• **Provided material**:

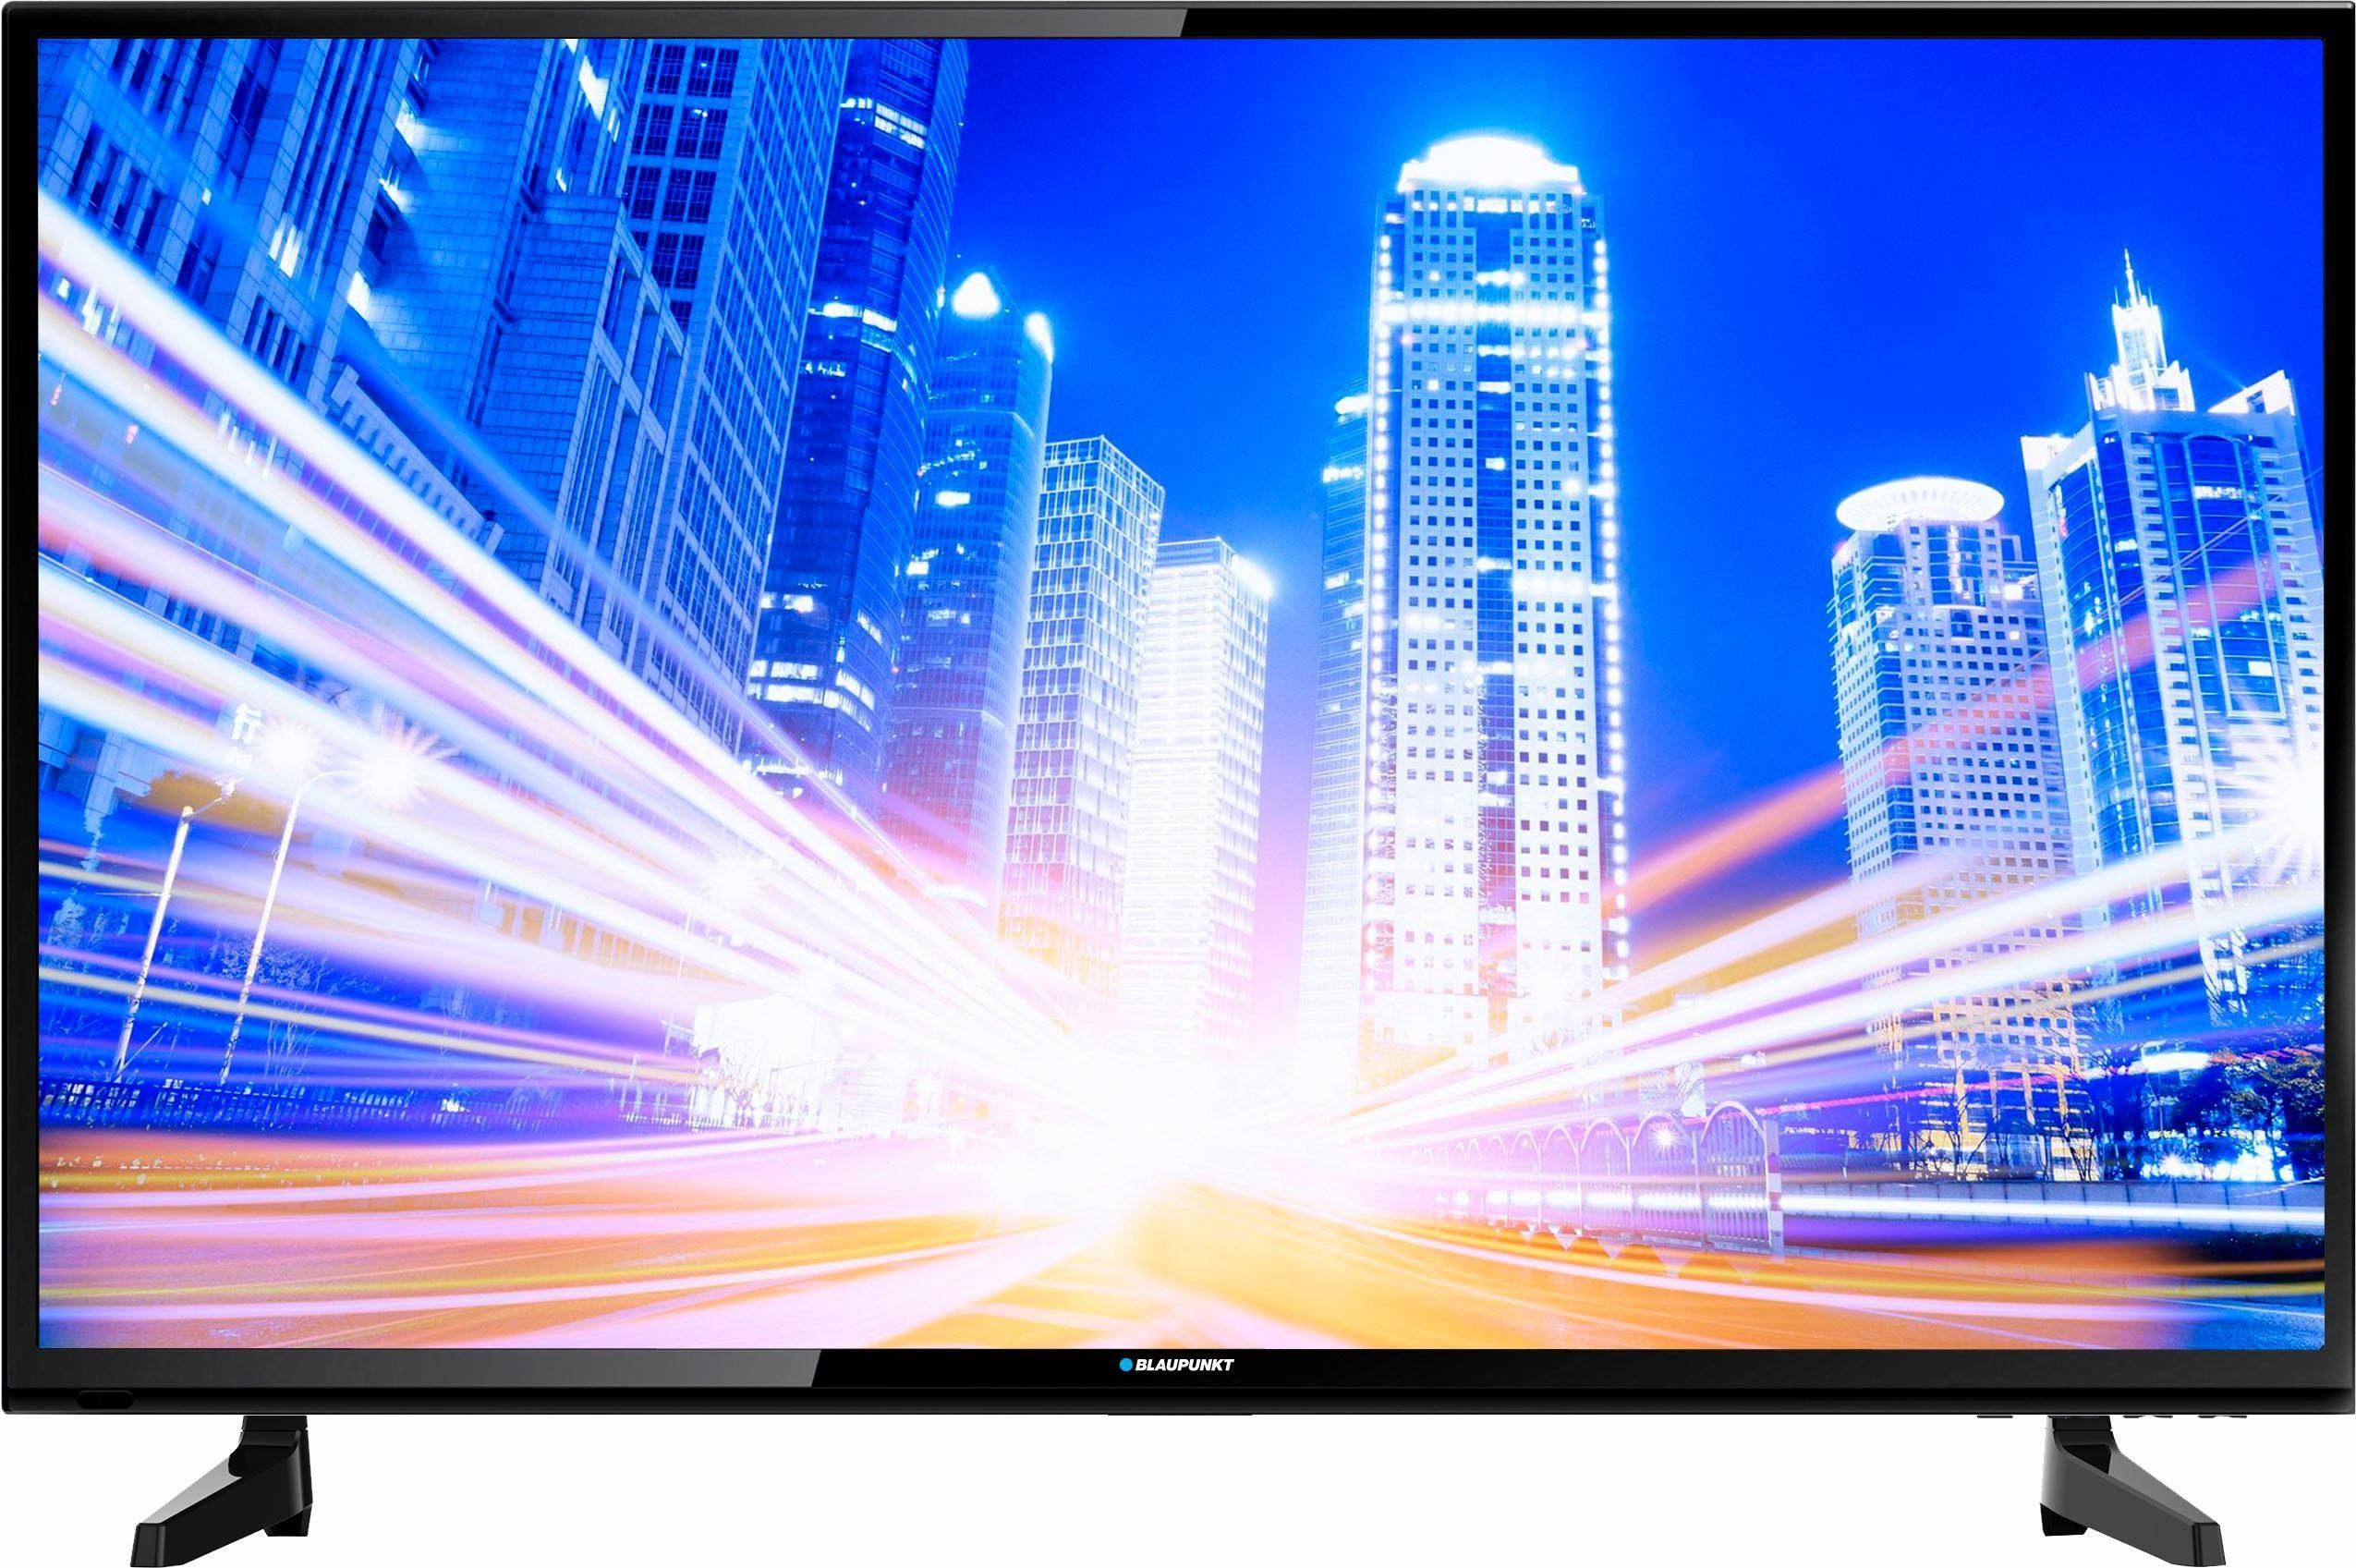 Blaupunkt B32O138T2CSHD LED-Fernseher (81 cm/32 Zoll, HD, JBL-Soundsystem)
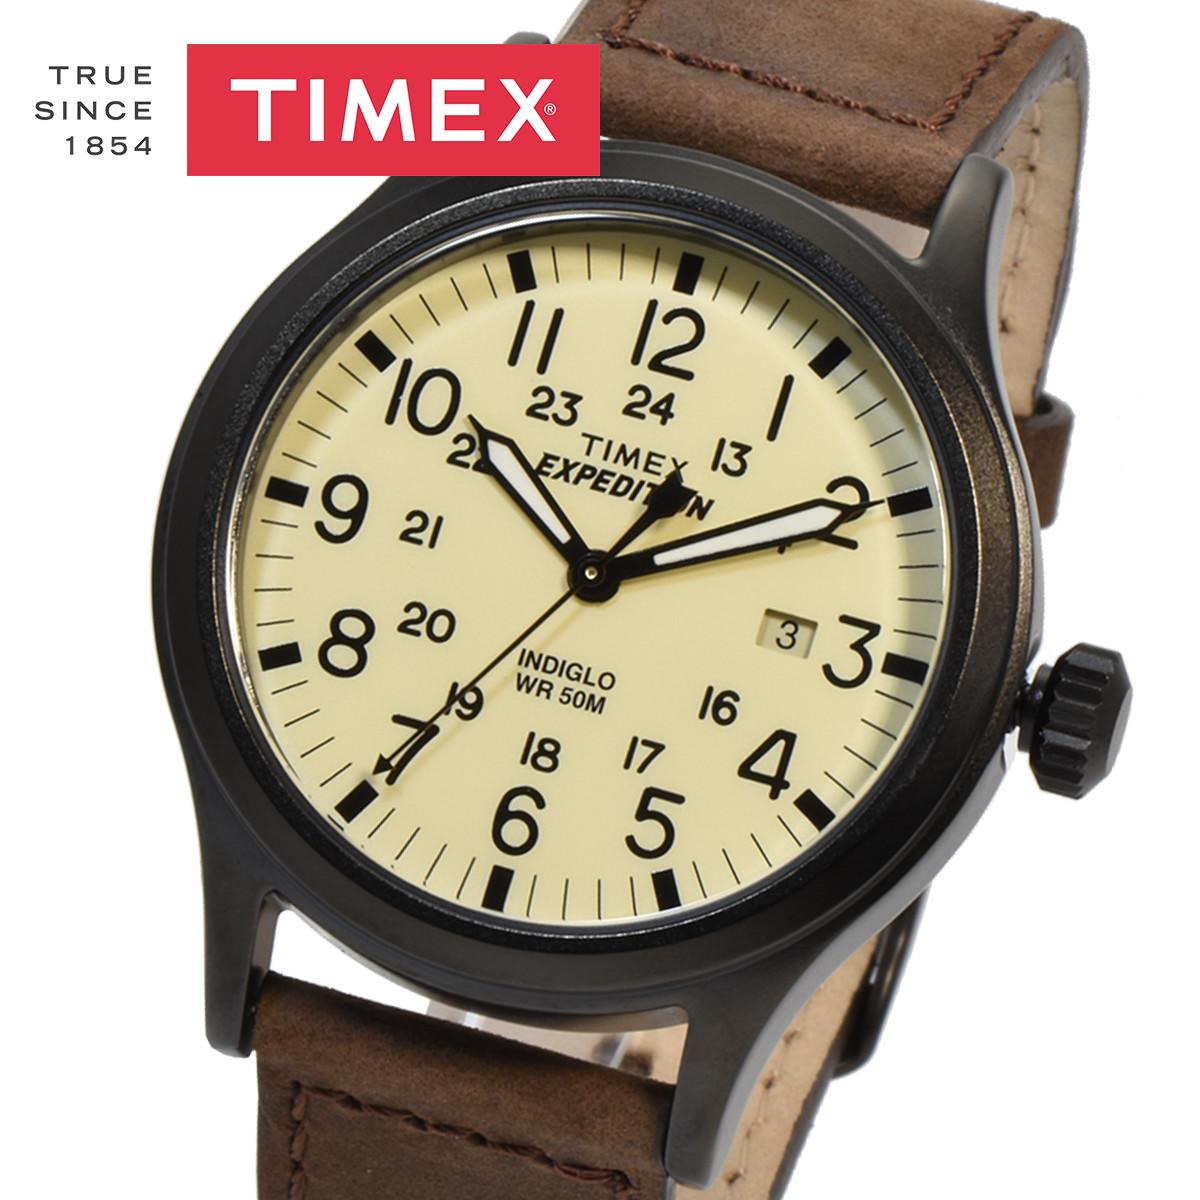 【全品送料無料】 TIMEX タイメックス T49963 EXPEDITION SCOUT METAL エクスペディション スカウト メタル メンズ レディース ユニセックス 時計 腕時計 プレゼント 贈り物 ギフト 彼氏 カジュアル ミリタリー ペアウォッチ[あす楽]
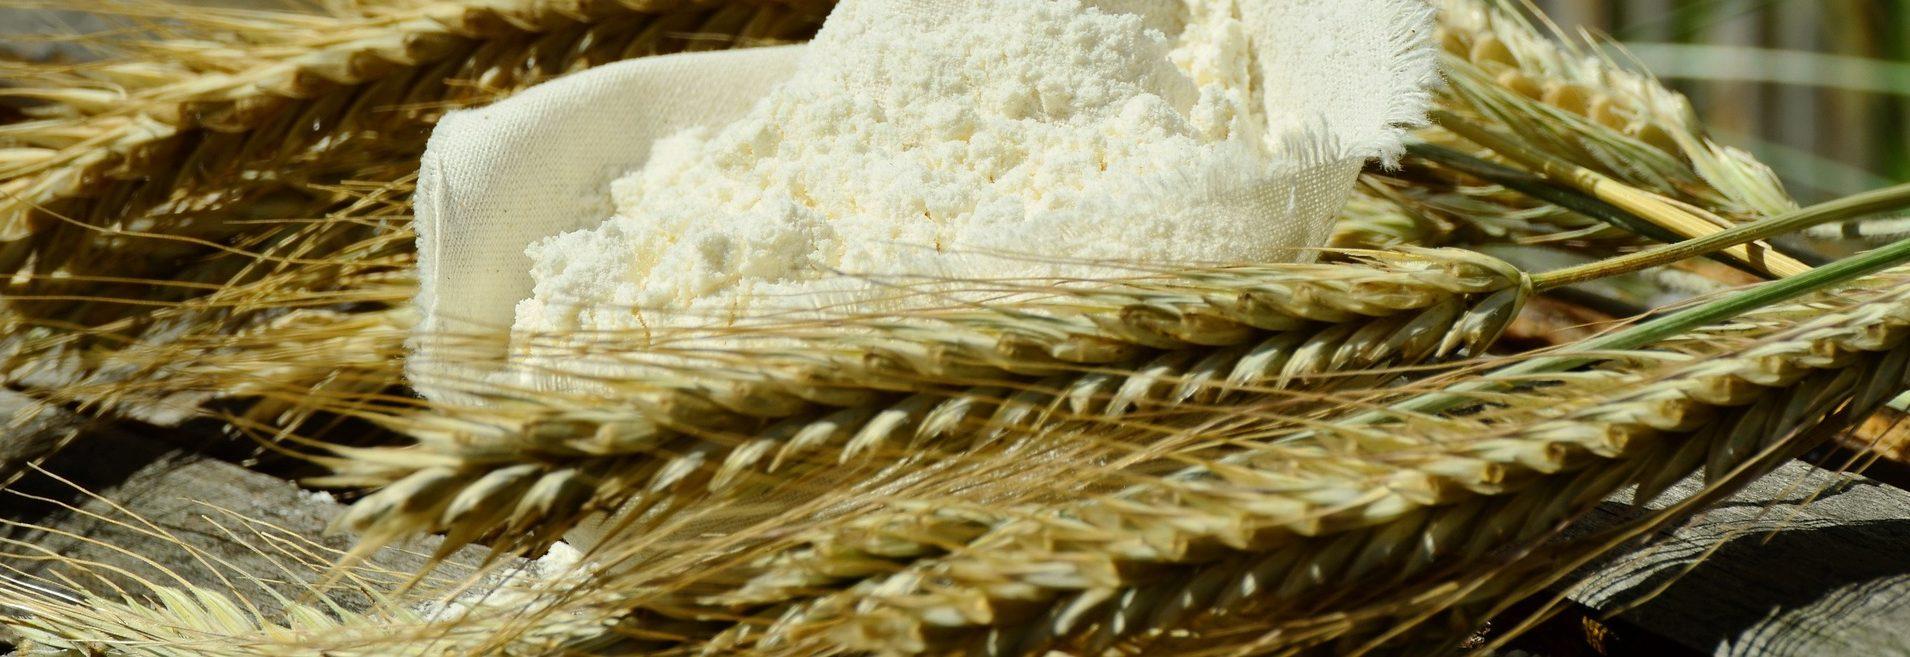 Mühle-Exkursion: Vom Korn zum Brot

• **What to work on**: The answer should contain all the material above, copied exactly, and no images.

• **Output for this task**:
 Blaupunkt B32O138T2CSHD LED-Fernseher (81 cm/32 Zoll, HD, JBL-Soundsystem)
 【全品送料無料】 TIMEX タイメックス T49963 EXPEDITION SCOUT METAL エクスペディション スカウト メタル メンズ レディース ユニセックス 時計 腕時計 プレゼント 贈り物 ギフト 彼氏 カジュアル ミリタリー ペアウォッチ[あす楽]
 Mühle-Exkursion: Vom Korn zum Brot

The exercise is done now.